Zakharova Concerned US Unaware of Abstract Concept Known as 'Military Strategy'
Russia's Foreign Ministry spokeswoman Maria Zakharova has some constructive criticism for the Pentagon
The United States is FedExing 4,000 more troops to Afghanistan, because if there's one thing that the last fifteen years of occupation has shown, it's that US troops and Afghanistan go together like peas and carrots.
It would be easy for an armchair warrior to criticize Washington's strategy in Afghanistan, except there is no strategy—meaning there's nothing to criticize.
As Russia's Foreign Ministry spokeswoman Maria Zakharova correctly pointed out during a Moscow press briefing earlier this week, "[The US has] no strategy and no concept, but they keep increasing, cutting and redeploying troops."
Read the full (and glorious) exchange below:
Maria Zakharova: Thank you for asking, because your question is just to the point.

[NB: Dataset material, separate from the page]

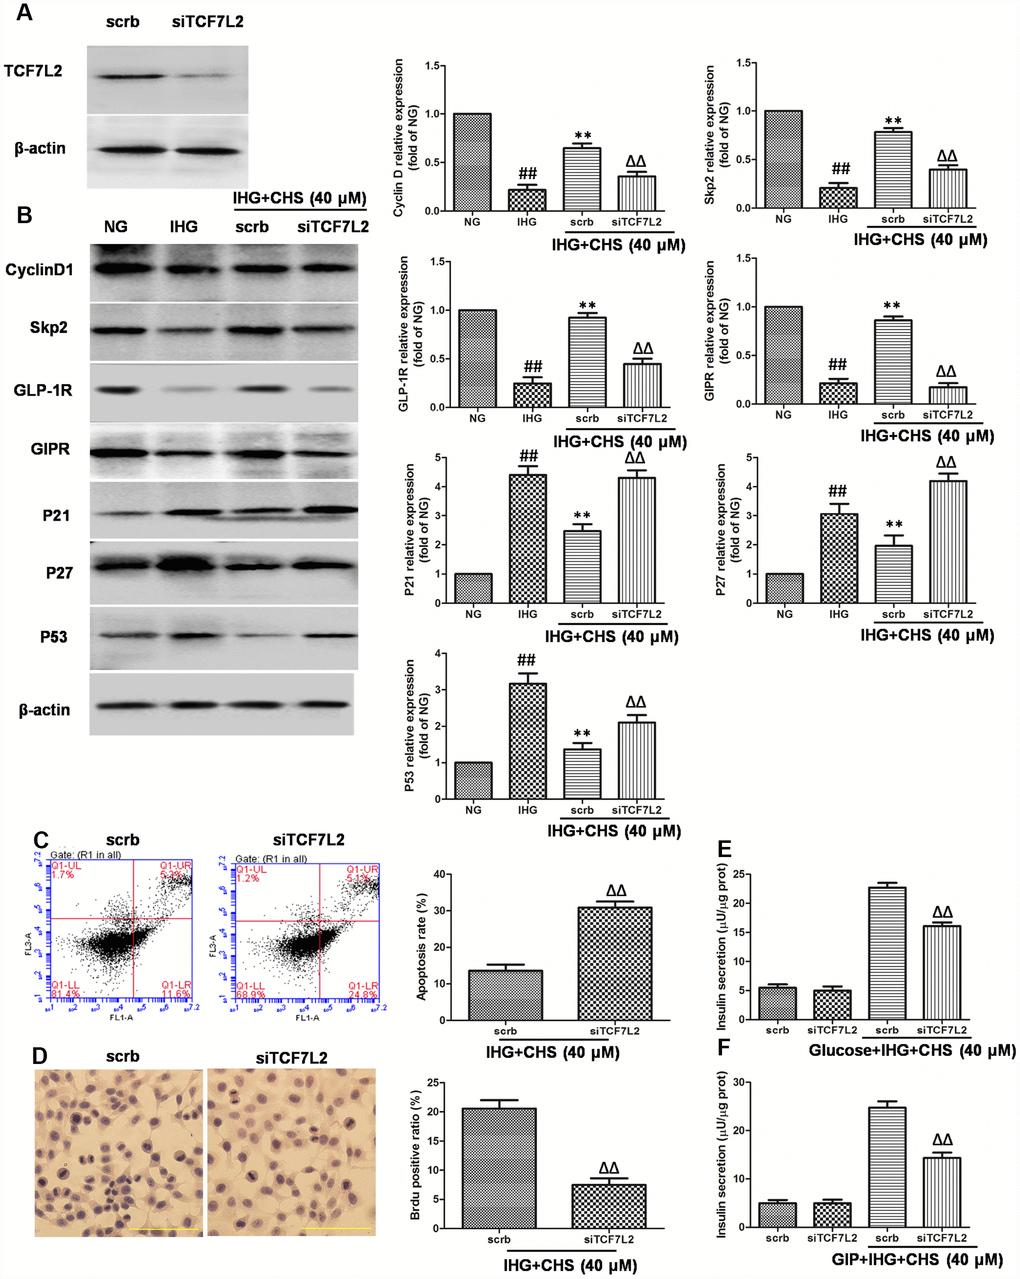 Effects of CHS might through TCF7L2 pathway. (A) The protein expression of TCF7L2 after siRNA transfection target TCF7L2. (B) The protein expression levels of TCF7L2 downstream proteins after inhibition of TCF7L2 by TCF7L2 siRNA. (C) The apoptosis rate of βTC3 cell was measured by flow cytometry after inhibition of TCF7L2 by TCF7L2 siRNA. (D) The BrdU immunohistochemical staining was performed after inhibition of TCF7L2 by TCF7L2 siRNA. (E) The effects of siTCF7L2 on the glucose induced insulin secretion. (F) The effects of siTCF7L2 on the GLP-1 induced insulin secretion. Data are representative of three independent experiments. ##P**PΔΔP

It is an issue of global importance and concerns not only Afghanistan but also US foreign policy in general under Donald Trump, Barack Obama and any other US president for that matter. Just look what’s going on: they adopt highly specific and itemised decisions to send more troops to this or that country or region, yet there is no strategic concept for US actions there. They seem to be dealing with issues of secondary importance, and possibly even with the internal matters of the national defence sector.
But they still have no strategy for dealing with the problems of Afghanistan or for stabilising the country and the region, which they invaded resolutely with a UN Security Council mandate but have not yet reported on its achievements there even once.

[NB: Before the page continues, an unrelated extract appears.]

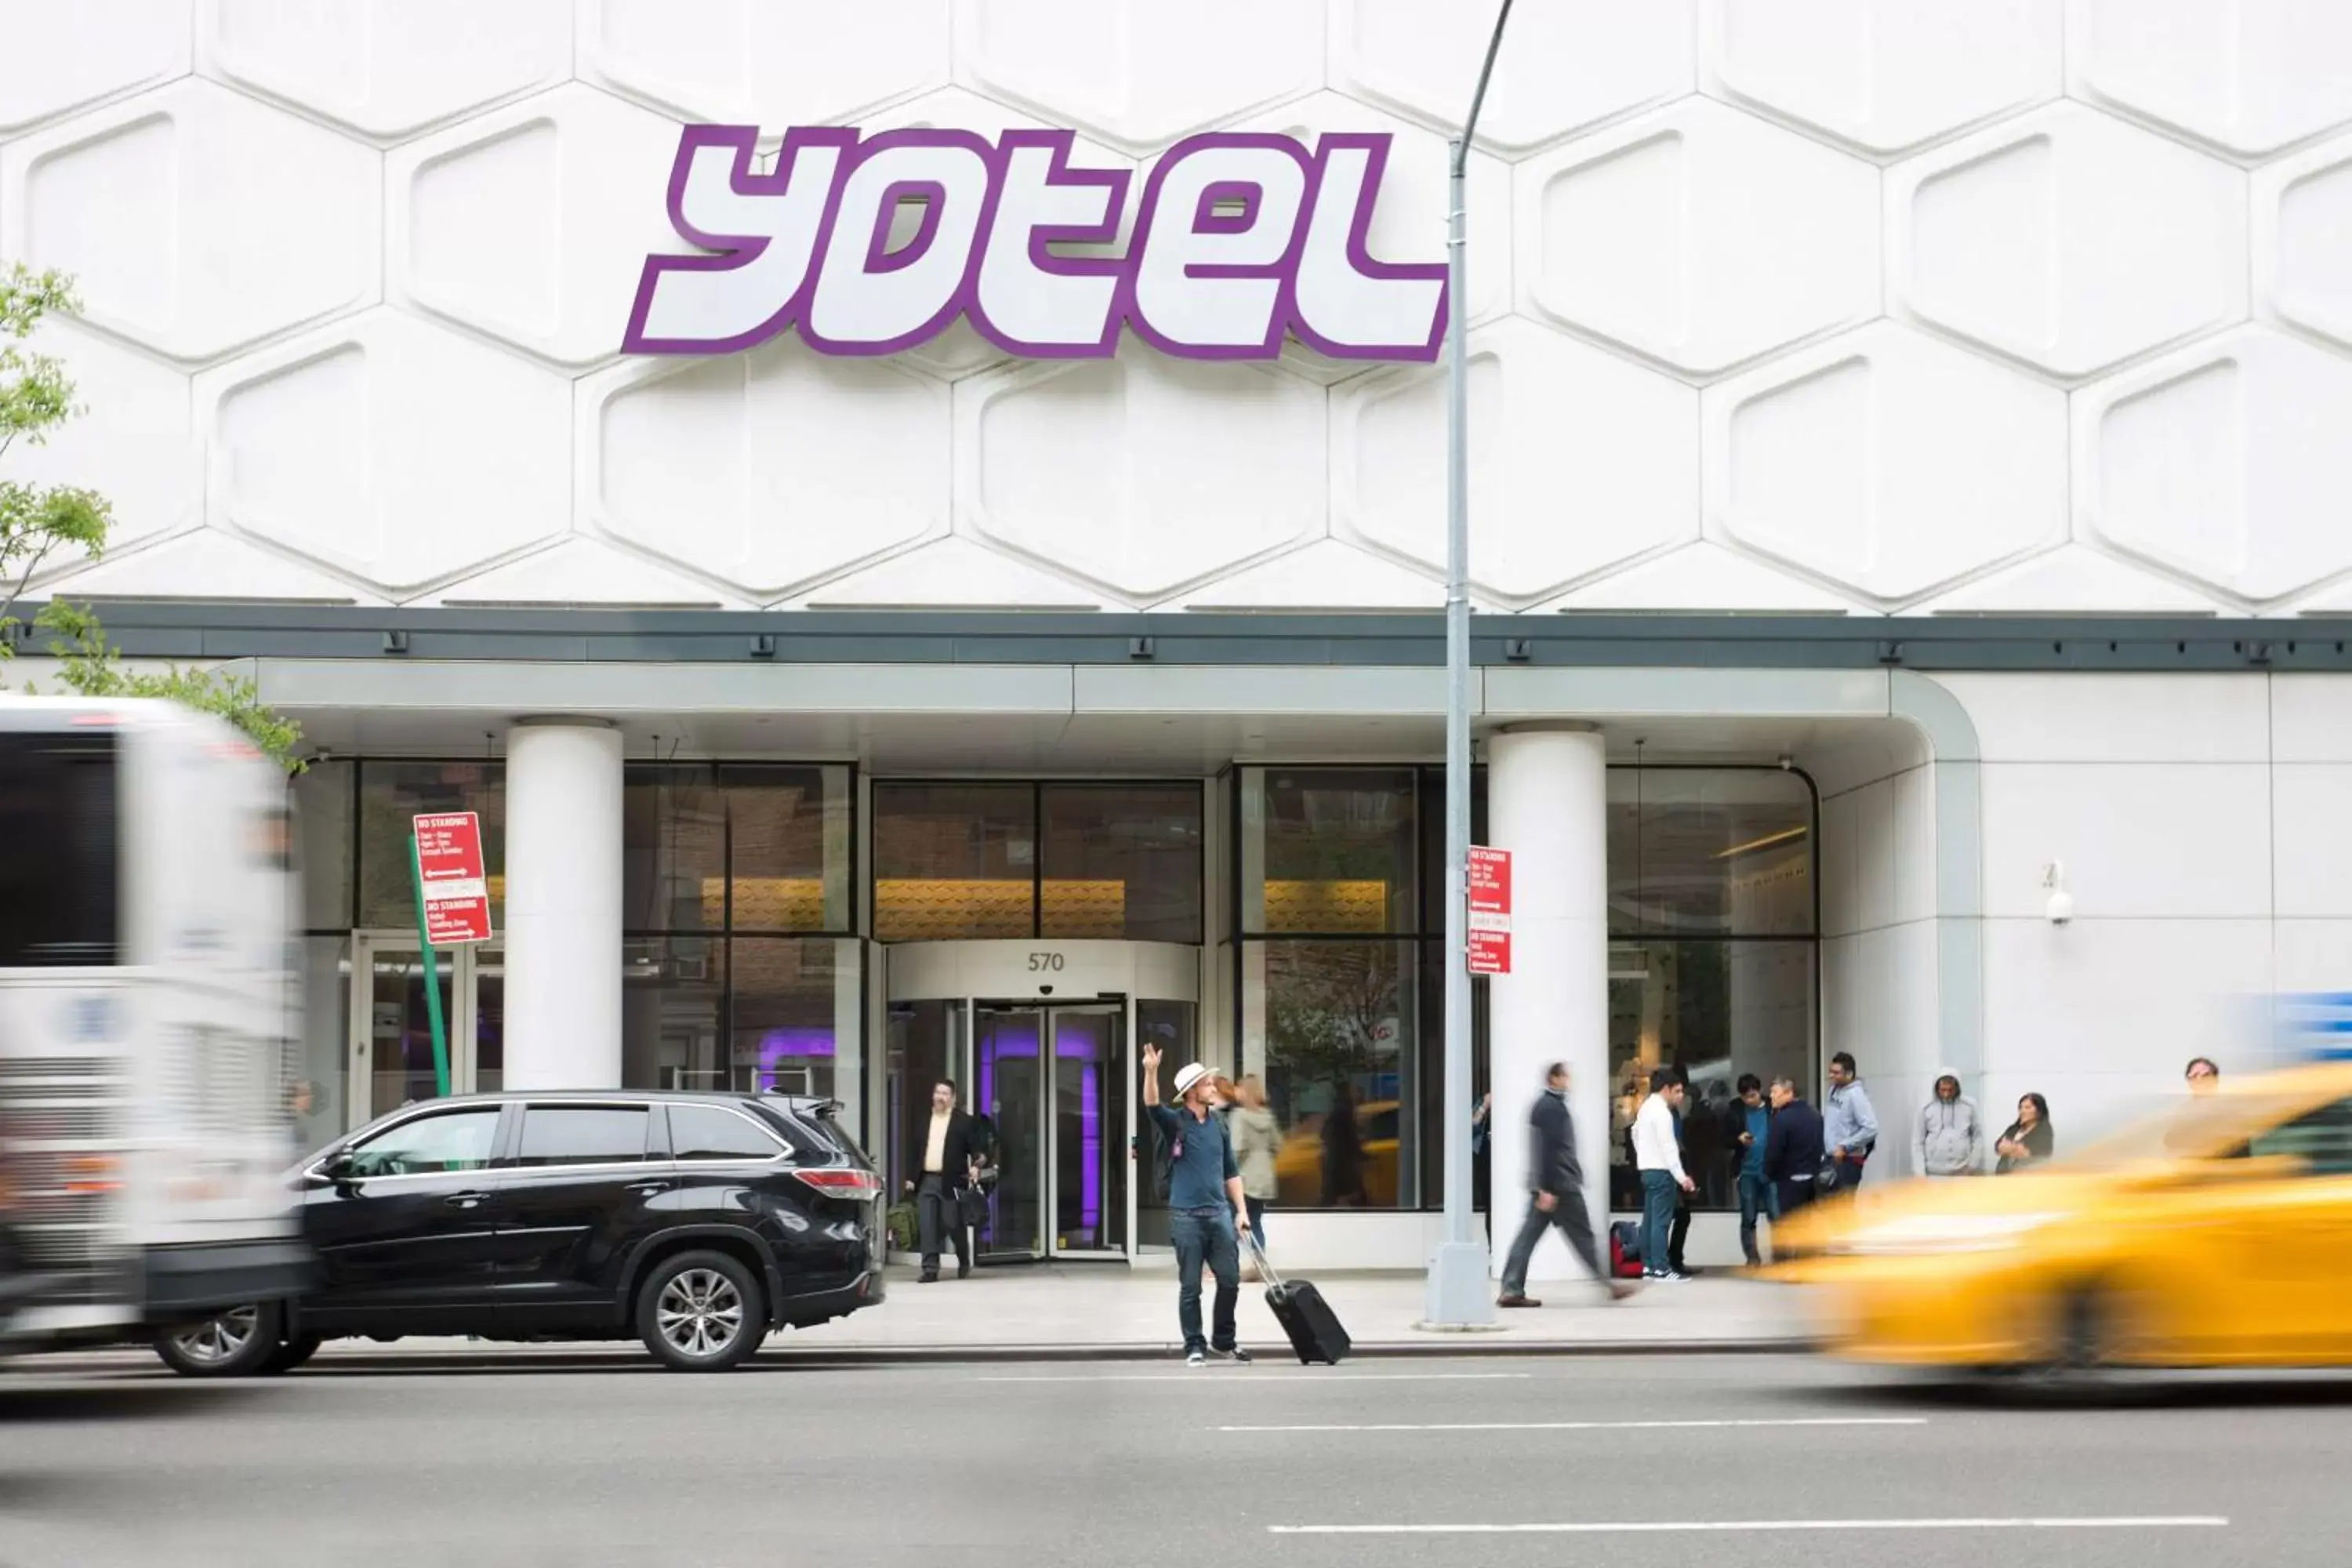 Property building in YOTEL New York Times Square

Russia and other countries do not know what the United States plans to do in Afghanistan over a period of the next few years, let alone in a decade. Washington has changed its Afghanistan strategy many times over the past few years, even during the term of one administration. First they said they would pull out of Afghanistan, and then they announced that the troops would remain. And they still do not have a foreign policy concept or a military political strategy.

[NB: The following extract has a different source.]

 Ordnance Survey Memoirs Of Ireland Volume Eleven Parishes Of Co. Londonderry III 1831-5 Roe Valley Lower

In my opinion, this is why they have not reported to the UN Security Council under the mandate that was issued many years ago to the United States and the US-led coalition. Firstly, they don’t know what to report, and secondly, a report implies overseeing the current objectives. They didn’t monitor what they really did or what they should do there.
They have no strategy and no concept, but they keep increasing, cutting and redeploying troops. I believe this is completely unacceptable in current international affairs. Regrettably, this is happening not only as regards Afghanistan. It is impossible to assess practical steps to build up troops without a clear concept of one’s future actions. In other words, this is movement to nowhere, without a clear goal or strategy, and hence it is impossible to assess it in terms of goals or success.
As I said, this is the problem with not just the current administration, which has not yet formulated a foreign policy concept for various parts of the world. The previous US administration also used this tactic, or its absence, and the tendency has been growing stronger over the past few years. We consider this approach to be counterproductive.